In the first stage, we are making an executable file for the Go code. This env would need golang and thus the very first base image that we use is of golang. Next, in the second stage, we just use alpine as the base image (which is very small in size) and does not contain the golang runtime. We just copy our executable from the previous stage in our final stage.
Let’s make a docker image:
$ docker build . -f Dockerfile -t multi-stage-golang
[+] Building 3.8s (14/14) FINISHED
=> [internal] load build definition from Dockerfile0.0s
=> => transferring dockerfile: 324B 0.0s
=> [internal] load .dockerignore 0.0s
=> => transferring context: 2B 0.0s
=> [internal] load metadata for docker.io/library/alpine:latest 2.5s
=> [internal] load metadata for docker.io/library/golang:1.11.1 1.0s
=> [auth] library/alpine:pull token for registry-1.docker.io 0.0s
=> CACHED [production 1/2] FROM docker.io/library/alpine:latest@sha256:69e70a79f2d41ab5d637de98c1e0b055206ba40a8145e7bddb55ccc04e13cf8f 0.0s
=> [builder 1/5] FROM docker.io/library/golang:1.11.1@sha256:63ec0e29aeba39c0fe2fc6551c9ca7fa16ddf95394d77ccee75bc7062526a96c 0.0s
=> [internal] load build context 0.0s
=> => transferring context: 124B 0.0s
=> CACHED [builder 2/5] RUN mkdir /app 0.0s
=> CACHED [builder 3/5] ADD . /app 0.0s
=> CACHED [builder 4/5] WORKDIR /app 0.0s
=> CACHED [builder 5/5] RUN CGO_ENABLED=0 GOOS=linux go build -o main ./... 0.0s
=> [production 2/2] COPY --from=builder /app . 0.0s
=> exporting to image 0.0s
=> => exporting layers 0.0s
=> => writing image sha256:ed5e9282d8d5f4d195584da215dd93017be48e8602a347f9226045ed8e11b759 0.0s
=> => naming to docker.io/library/multi-stage-golang 0.0s
Let’s check the newly created image:
$ docker images
REPOSITORY TAG IMAGE ID CREATED SIZE
multi-stage-golang latest ed5e9282d8d5 56 seconds ago 7.52MB
We can run this as a container by executing the following:
$ docker run multi-stage-golang
hello world
The container that is spawned from this multi-stage docker file, will just have the alpine image and run the executable.

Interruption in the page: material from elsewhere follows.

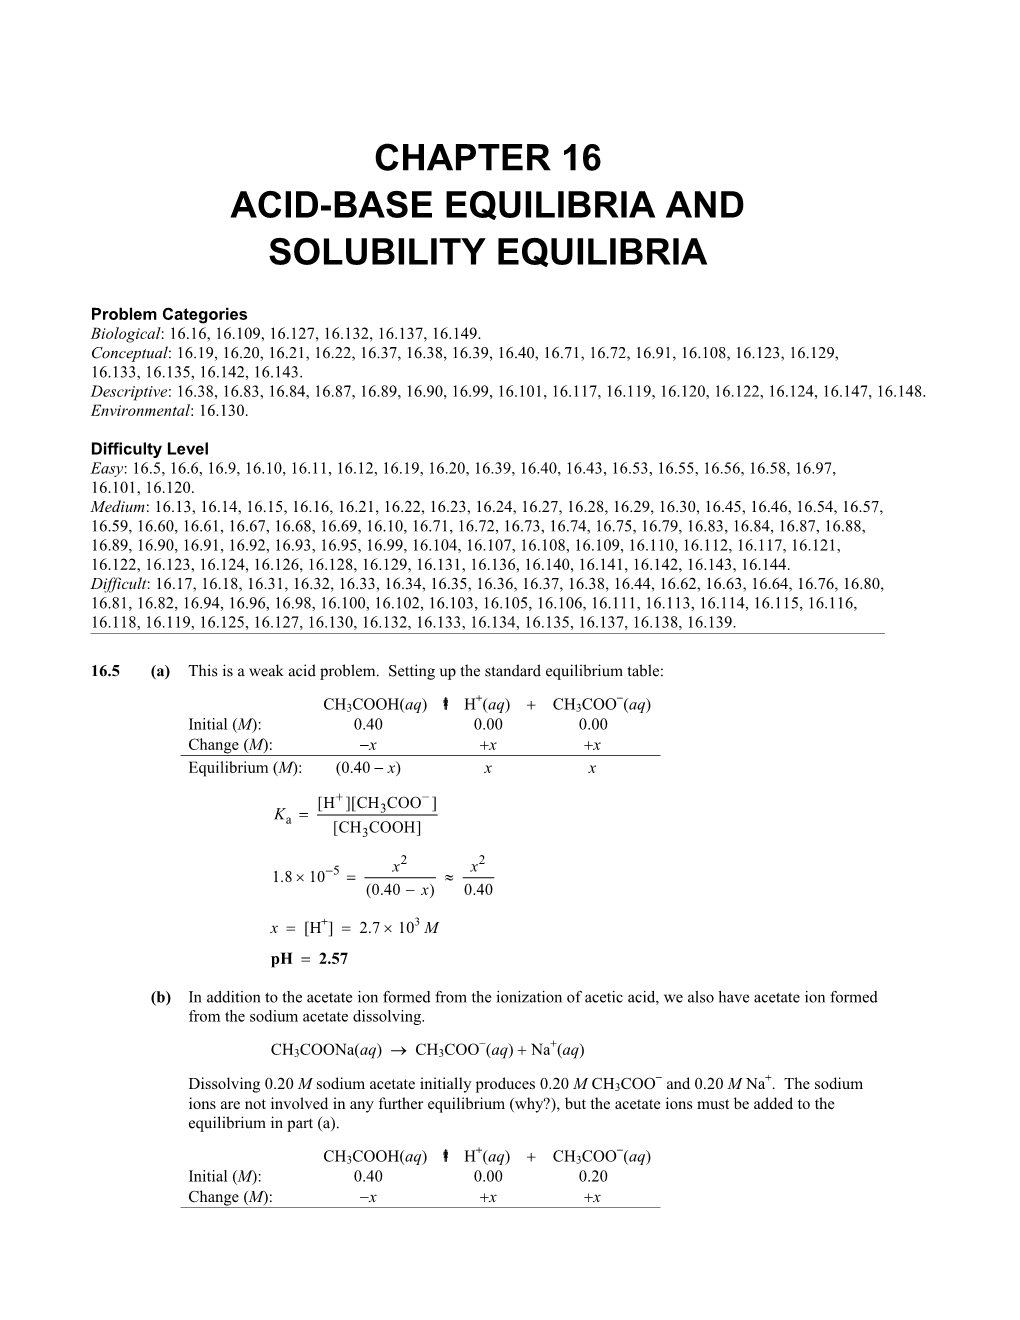 Chapter 16: Acid-Base Equilibria and Solubility Equilibria

It does not care about the source code or how it is generated and if it even has dependencies for that.
Thus, the size of the container is directly a reflection of the size of the last stage of the build including the size of the artifacts from previous builds. There is a considerable amount of difference in the image size even for this simple hello-world program where we don’t want an entire runtime to be available as part of our container. The single-stage docker file is 780 MB while the multi-stage docker file is just 7.52 MB.
This can be replicated for Java programs, go programs, etc., and provides a considerable advantage to keep your container size small and your Dockerfile more maintainable.